On December 8, 2003, President Bush signed the Medicare Prescription Drug, Improvement and Modernization Act of 2003 (Medicare Modernization Act) (Public Law 108-173). Section 1121 of this legislation gives the Secretary of HHS (the Secretary) the authority to implement a system in the United States for the importation of Canadian prescription drugs. However, the Secretary is permitted to implement such a system only if he is first able to certify to the Congress that it would be safe and cost-effective. Section 1122 of this legislation also directs the Secretary to conduct a study that examines whether and under what circumstances drug importation could be conducted safely, and what its likely consequences would be for the health, medical costs, and development of new medicines for American patients. To comply with the Congressional mandate, the Secretary has formed the Task Force on Drug Importation to advise and assist HHS in this study. The Task Force plans to consider several issues in the study, including several that Congress specifically asked HHS to consider.
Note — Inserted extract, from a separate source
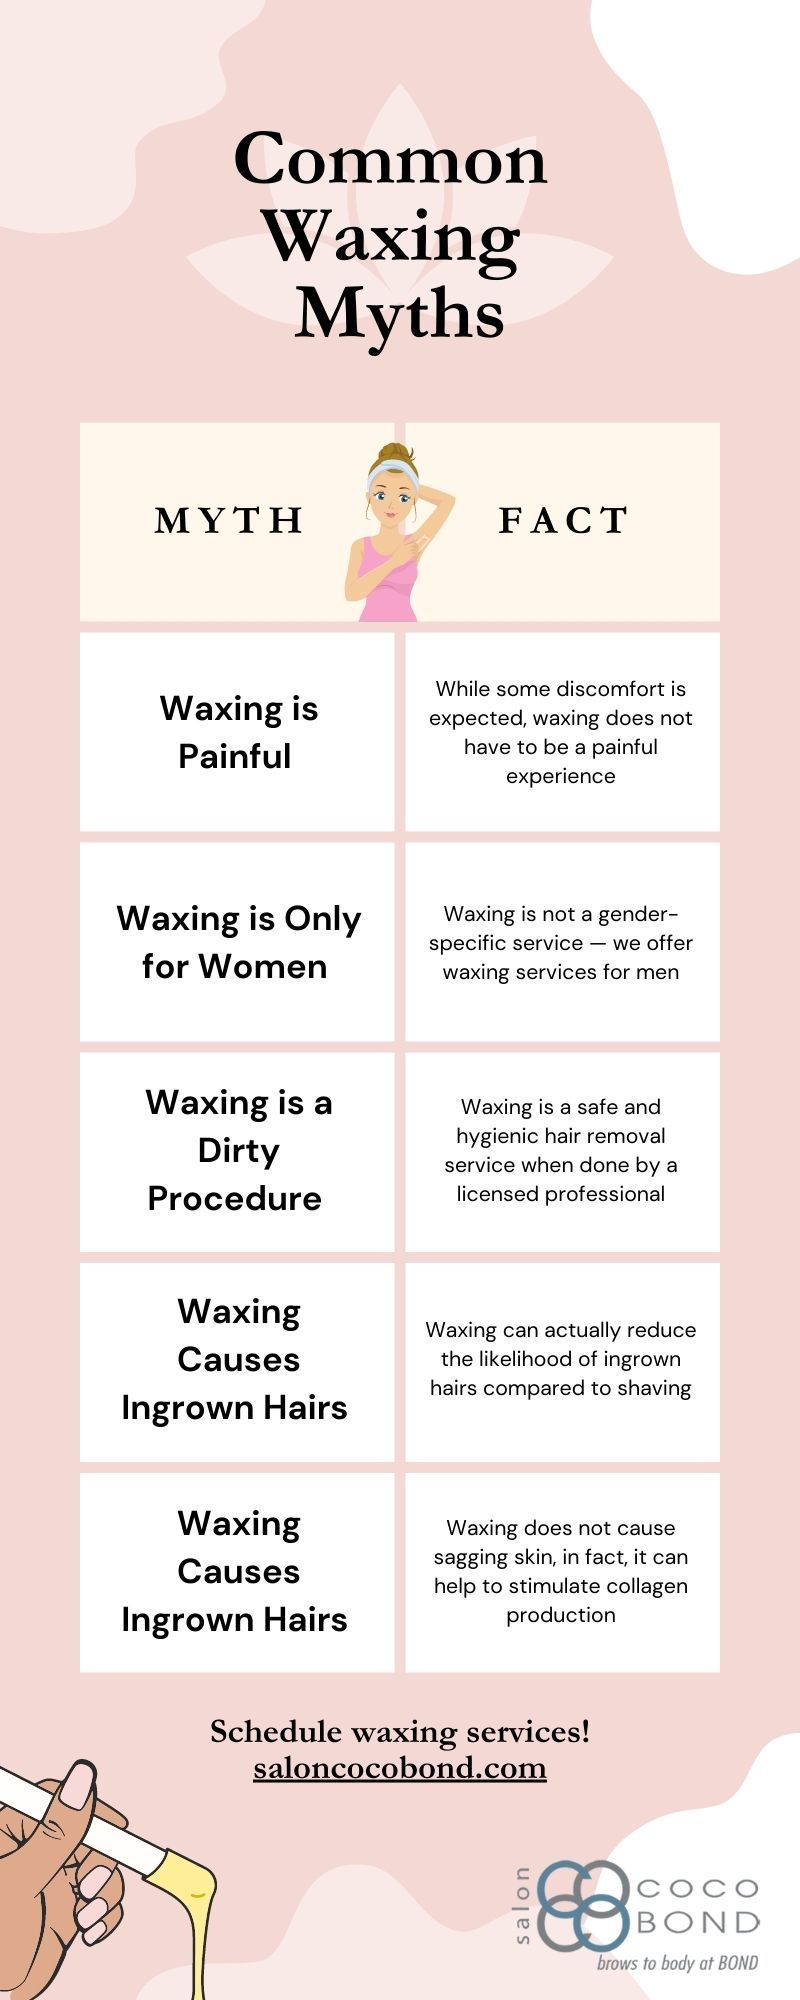 M35192 - Infographic - Common Waxing Myths.jpg

To assist in this effort we are asking for public comment on the following issues, which the Conference Report to the Medicare Modernization Act directs us to address in the study:

  • Impact of Unapproved Drugs: What is the scope and volume of unapproved drugs entering the United States through mail shipments and at border crossings? What are the safety concerns posed by these products? What evidence exists to substantiate these concerns? Can they be quantified? What is the scope and Start Printed Page 12811volume of FDA-approved drugs commercially available in other countries?
  • FDA's Ability to Assure Safety: What should FDA do to assure safety of imported products? Should FDA examine all imports, or should a sampling method, along with testing, be used to assure safety? What resources would FDA need for different levels of oversight, which could include visual inspection, sampling, and other testing methods to determine quality? Is there a need for, and what is the feasibility of, modifications to the U.S. pharmaceutical distribution system that would help to ensure the safety of drug products imported into the United States under section 1121 of the Prescription Drug, Improvement and Modernization Act of 2003?
  • Regulatory/Legislative Issues: What, if any, limitations in current legal authorities, such as sections 505, 502, and 801 of the Federal Food, Drug, and Cosmetic Act (the act) (21 U.S.C. 355, 352, and 381), may inhibit the Secretary's ability to certify that prescription drugs imported into the United States from Canadian wholesalers or pharmacies are safe? What, if any, limitations in current legal authorities may inhibit the Secretary's ability to certify whether the imported drugs comply with sections 505, 502, and 501 of the act (21 U.S.C. 351) (e.g., Are the drugs approved by FDA?, Do they contain appropriate labeling?, Are they manufactured according to current Good Manufacturing Practice)? If FDA could not assure the same level of safety for imported drugs as consumers expect from drugs purchased at a State-licensed pharmacy, what level of risk would be acceptable?

In what ways would importation of drugs, if permitted under section 1121 of the Medicare Modernization Act, impact U.S. and international intellectual property rights as well as obligations under existing trade agreements? Are there additional legal protections needed for effective enforcement of these rights and agreements?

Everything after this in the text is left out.